2018/05/08

dataviz / R / housing

IN MY LINE OF WORK, (finance/economics) you see a lot of dual axis line charts. I am of the opinion that dual y axis charts are sort of evil. But in this post I’m going to make one. It’s for a totally legit reason though.

Like in an earlier post we’ll make a graph similar to one I saw on xenographics. Xenographics gives examples of and links to “weird, but (sometimes) useful charts”. The examples xenographics gives are undoubtedly interesting and might help inspire you if you’re looking for something new.

Per usual, let’s make a graph with R.

Housing affordability

I’m scheduled to give a talk on house price trends. During my talk I’m going to compare recent house price trends to income.

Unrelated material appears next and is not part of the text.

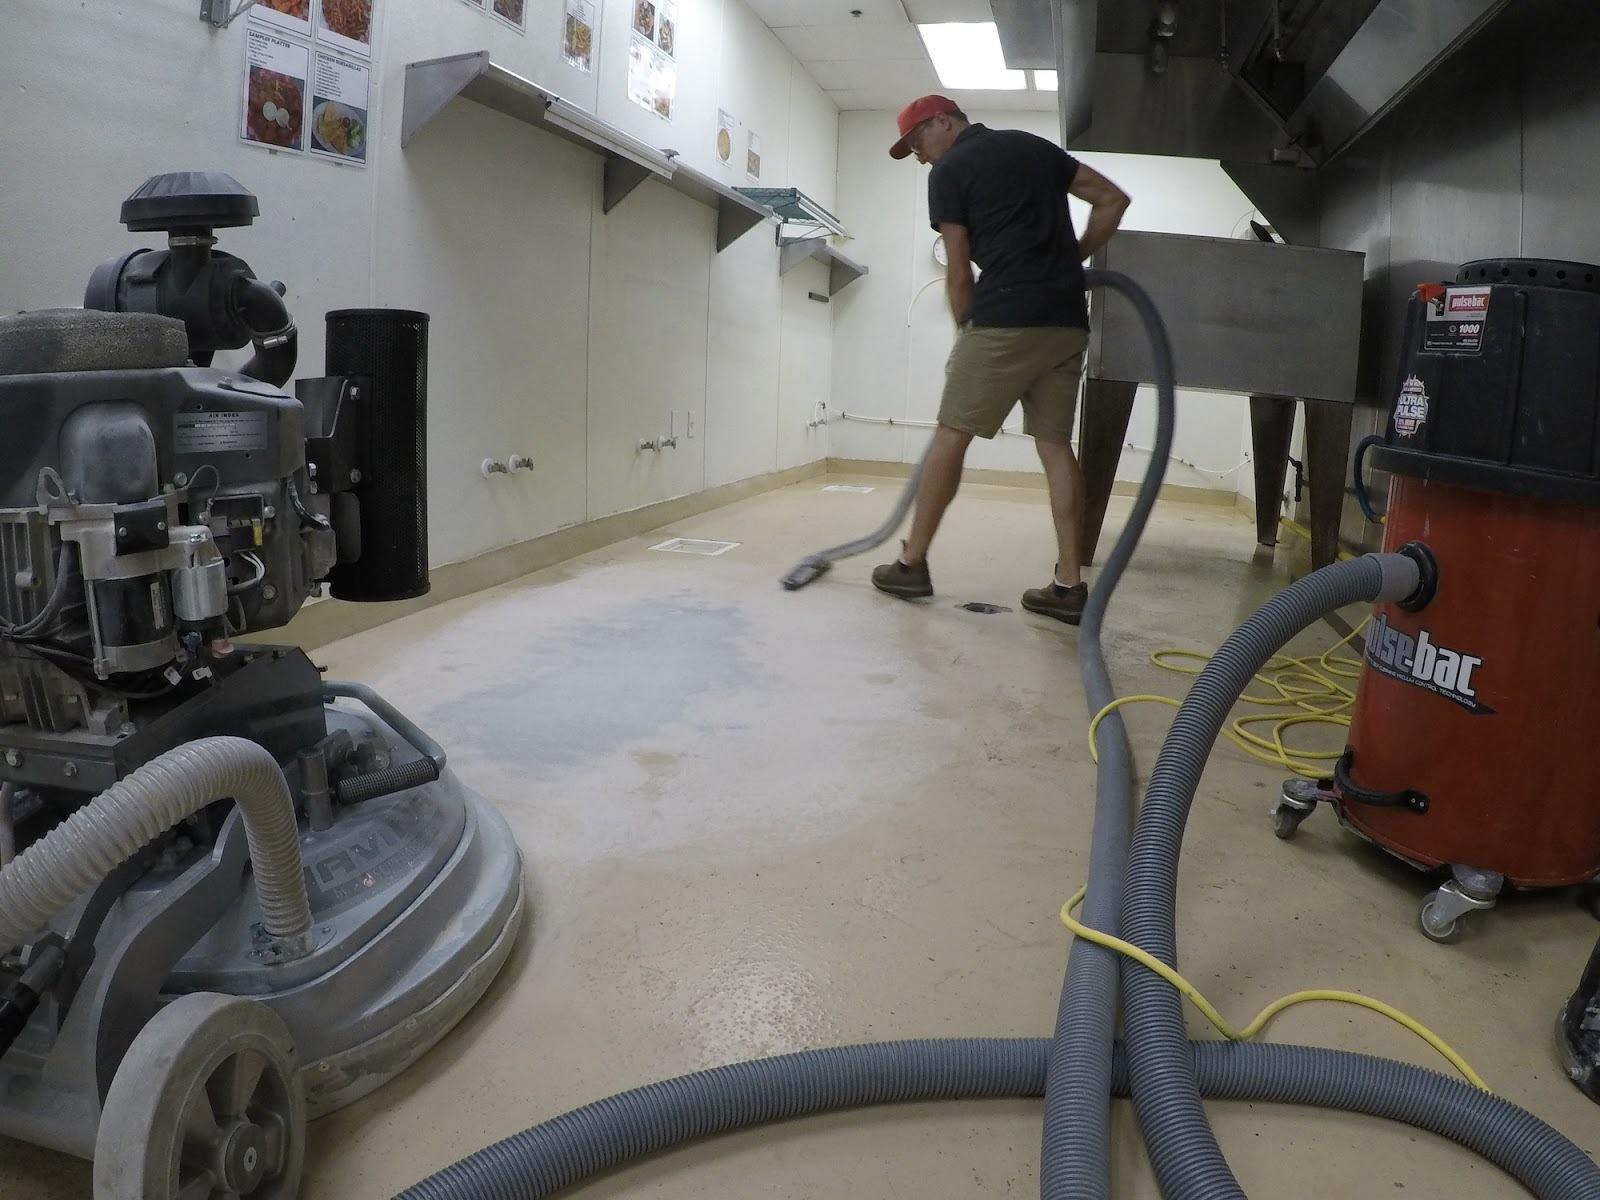 Commercial floor contractor in Raleigh

For recent trends see this tweet thread.

For my upcoming talk I want a special kind of graphic to compare house prices to income. After looking around xenographics I decided that spotlight charts might be a good visual for my talk. See here for the original dataviz.

But in order to make this chart with R we’re going to need to use a dual axis. Fortunately in recent versions of ggplot2 ther’es an ability to add a secondary y axis despite potential issues with them. See for example, this post by DataWrapper’s Lisa Charlotte Rost on Twitter that looks at these charts.

The plan

We’re going to compare median household income to median house prices by metro area. We’ll use a spotlight graph to expand the ratio by metro into its numerator and denominator. The ratio will serve as the light source, while the numerator and denominator will define the cone extending from the ratio.

Get data

We will use the acs packaged to access the U.S. Census Bureau’s American Community Survey (ACS) API and get data. Note for this to work for you you’ll need to get an API key from the U.S. Census Bureau.

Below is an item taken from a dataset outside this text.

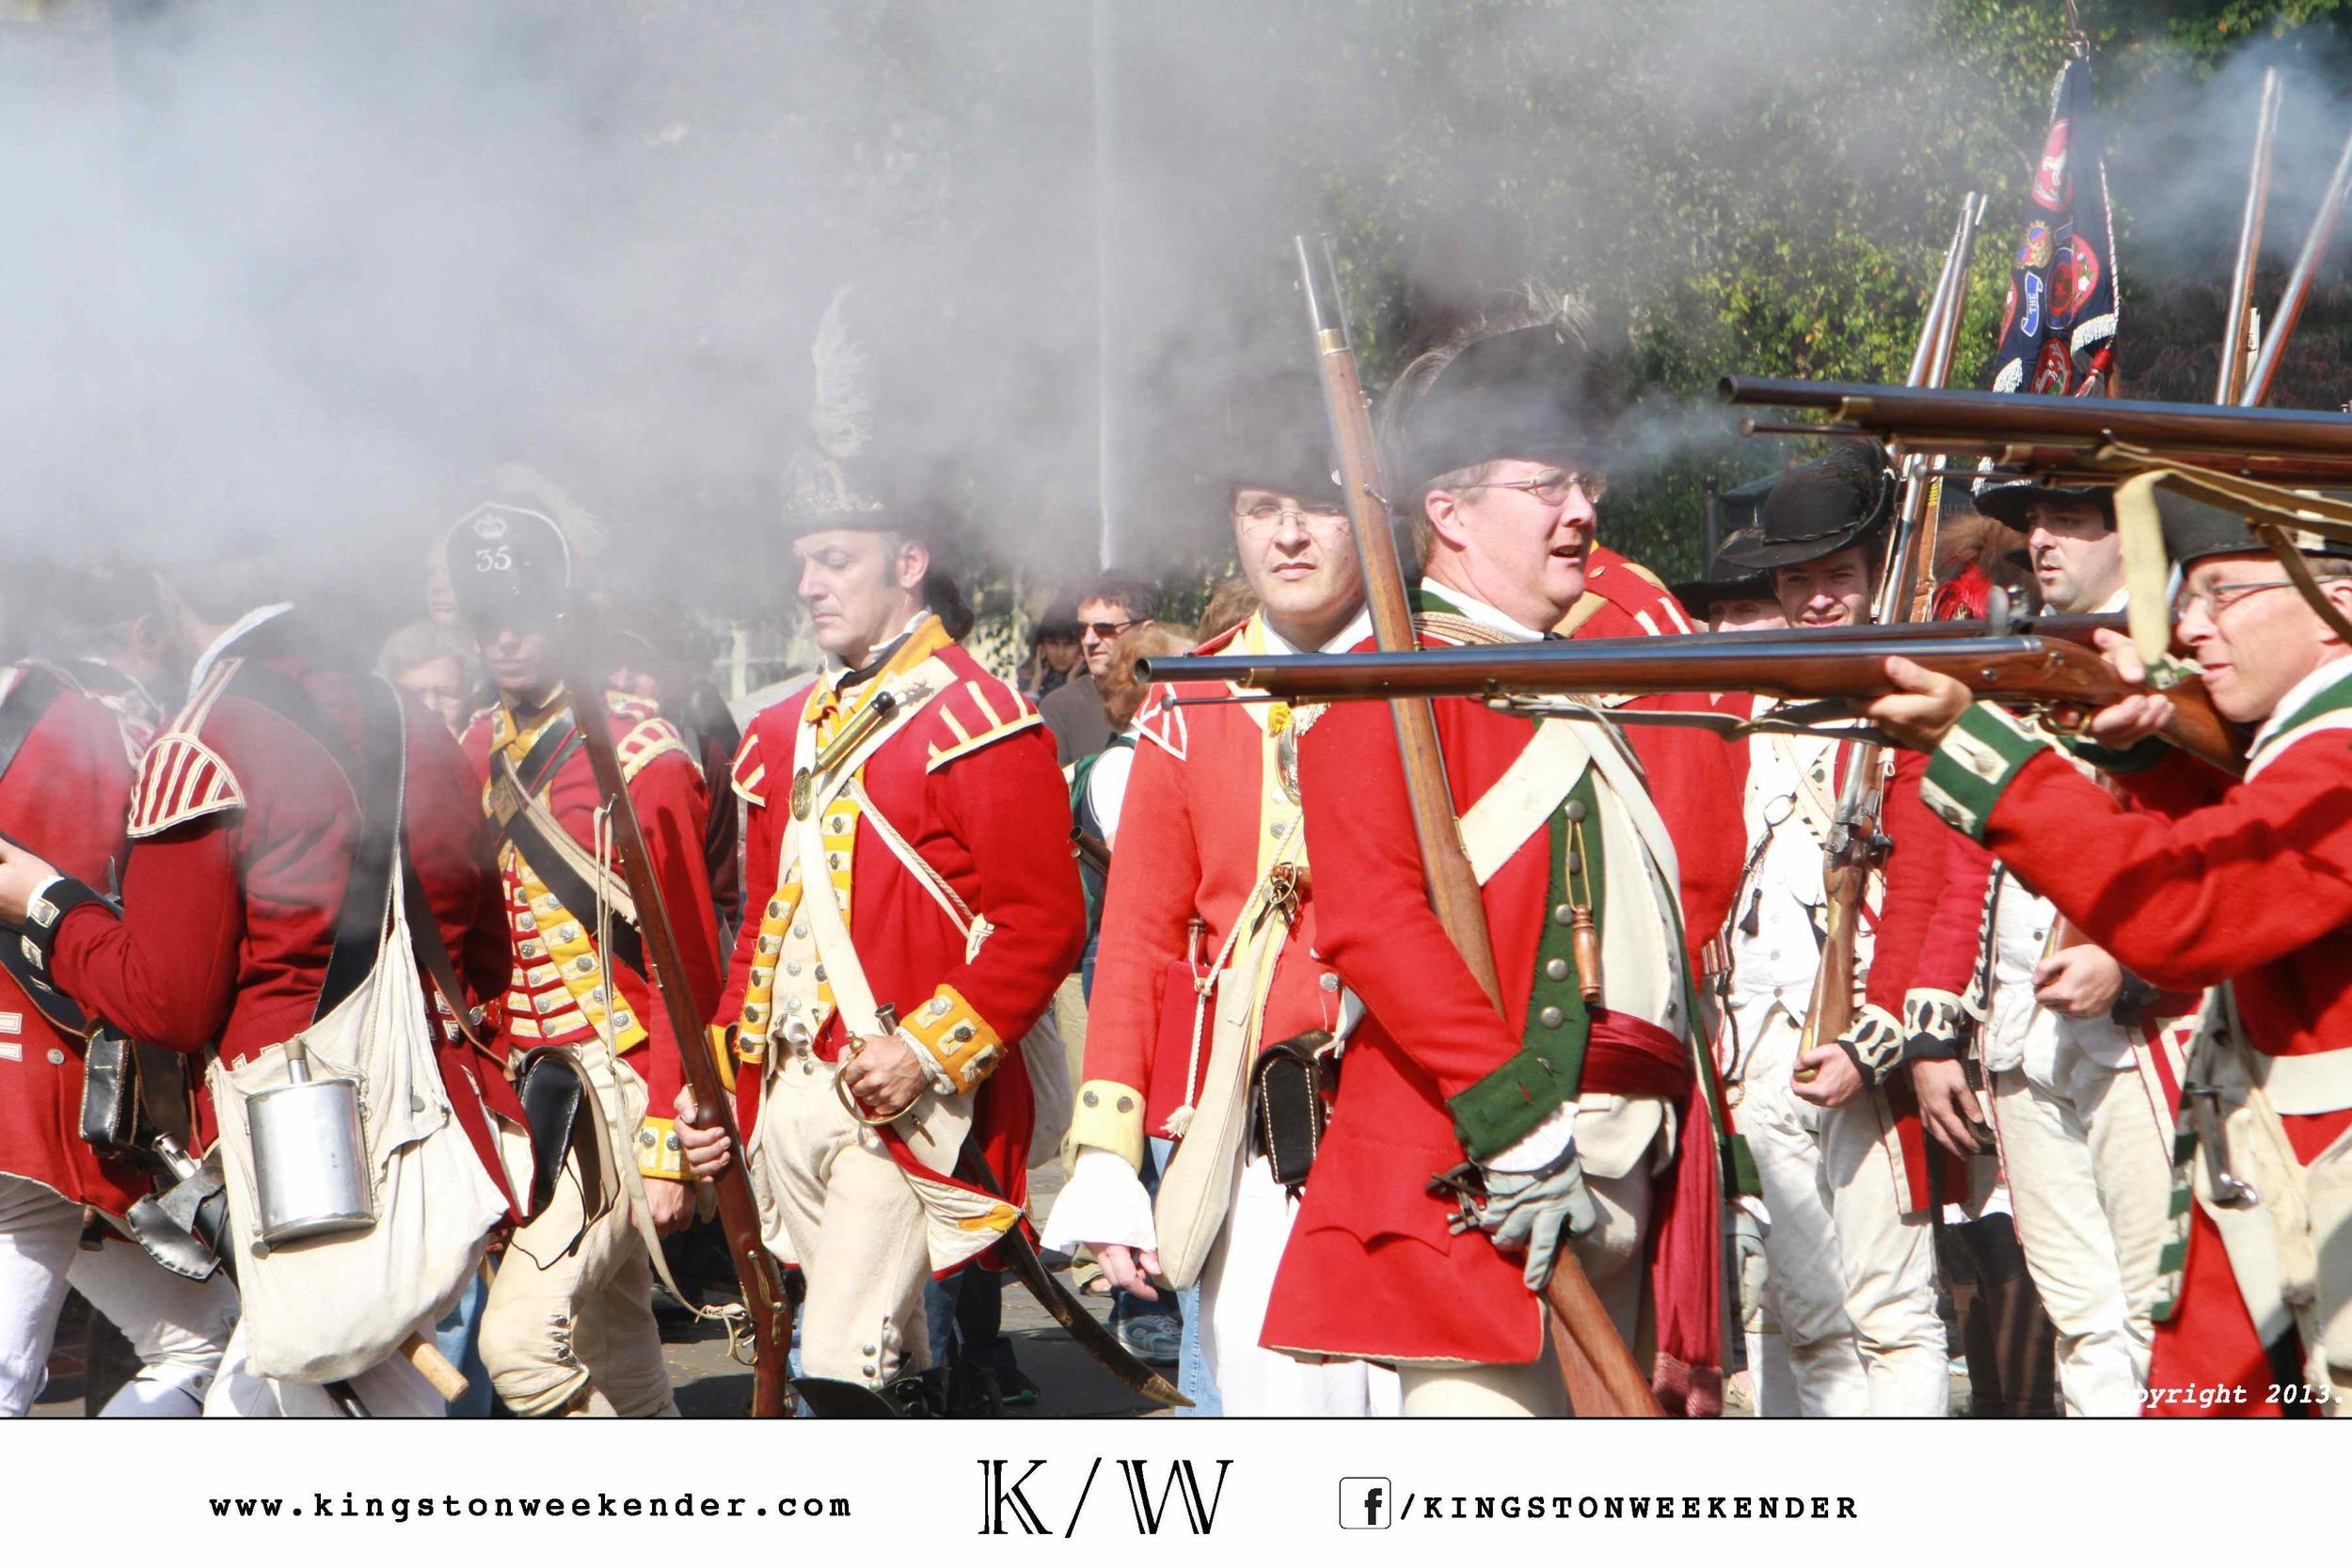 kingston-weekender-photo-credits29.jpg

The latest data from the ACS is for 2016 (in my talk I’ll use more recent data from other sources). Let’s access the 1-year estimates and gather data on metropolitan stastical area (MSA) median household income and median house values. For other ways to visualize these kinds of data see this post from last year.

#####################################################################################
## Load libraries ----
#####################################################################################
library(acs)
library(scales)
library(tidyverse)
library(viridis)

#####################################################################################
## Get data ----
#####################################################################################

#install your key
api.key.install(key="YOUR_API_KEY")

# Get metros
geo <- geo.make(msa='*')

# housing values table B25077

hv <- acs.fetch(endyear=2016, span=1, geography=geo, table.number="B25077")

# income table B19013
inc <- acs.fetch(endyear=2016, span=1, geography=geo, table.number="B19013")

# Population Table B25008
pop <- acs.fetch(endyear=2016, span=1, geography=geo, table.number="B25008")

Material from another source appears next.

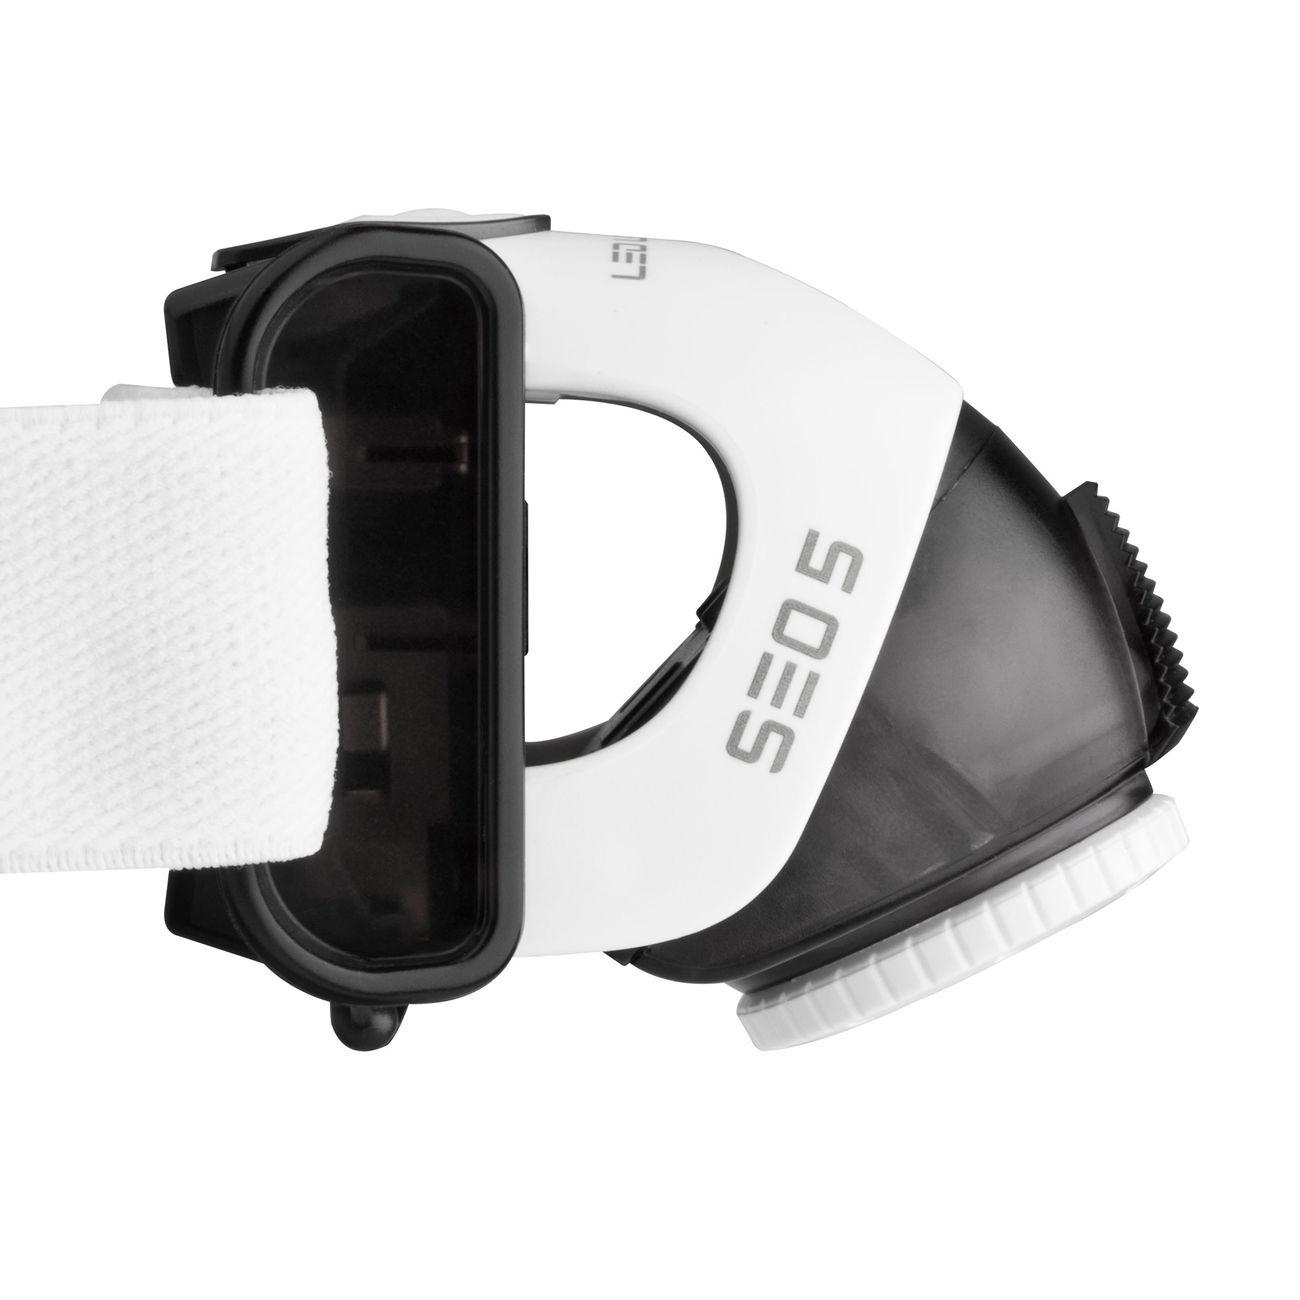 led lenser stirnlampe seo5 180 lumen grau kotte zeller. Black Bedroom Furniture Sets. Home Design Ideas

df.acs <- data.frame(area=hv@geography$NAME,        # MSA name
                     pop=unname(pop@estimate[,1]), # Metro Population 
                     hvalue=unname(hv@estimate),   # Median Housing value
                     inc=unname(inc@estimate)      # Median Household Income

                     ) %>% 
  mutate(ratio=hvalue/inc) %>%                     # create ratio of house value to income
  arrange(-pop)                                    # sort (descending) by population

Let’s look at the first few rows…

knitr::kable(head(df.acs))

area	pop	hvalue	inc	ratio
New York-Newark-Jersey City, NY-NJ-PA Metro Area	19742242	426300	71897	5.929316
Los Angeles-Long Beach-Anaheim, CA Metro Area	13092245	578200	65950	8.767248
Chicago-Naperville-Elgin, IL-IN-WI Metro Area	9352081	229900	66020	3.482278
Dallas-Fort Worth-Arlington, TX Metro Area	7148981	189100	63812	2.963392
Houston-The Woodlands-Sugar Land, TX Metro Area	6691456	181400	61708	2.939651
Washington-Arlington-Alexandria, DC-VA-MD-WV Metro Area	6026273	411400	95843	4.292437
…and some summary stasitics.

knitr::kable(summary(df.acs %>% select(-area)))

pop	hvalue	inc	ratio
Min. : 52649	Min. : 68500	Min. : 14546	Min. :1.700
1st Qu.: 96092	1st Qu.:124200	1st Qu.: 45195	1st Qu.:2.666
Median : 158490	Median :154450	Median : 50967	Median :3.101
Mean : 550359	Mean :182636	Mean : 51924	Mean :3.430
3rd Qu.: 402945	3rd Qu.:206500	3rd Qu.: 57748	3rd Qu.:3.742
Max. :19742242	Max. :911900	Max. :110040	Max. :9.184

When we compare the median house price to the median household income, ratio, we see that there’s quite a bit of variation across MSAs.

Spotlight chart

Let me first show you the spotlight chart, and then we’ll explain.

On the left side I plot the ratio of median house prices to median income, while on the right I show the $ values of those stats.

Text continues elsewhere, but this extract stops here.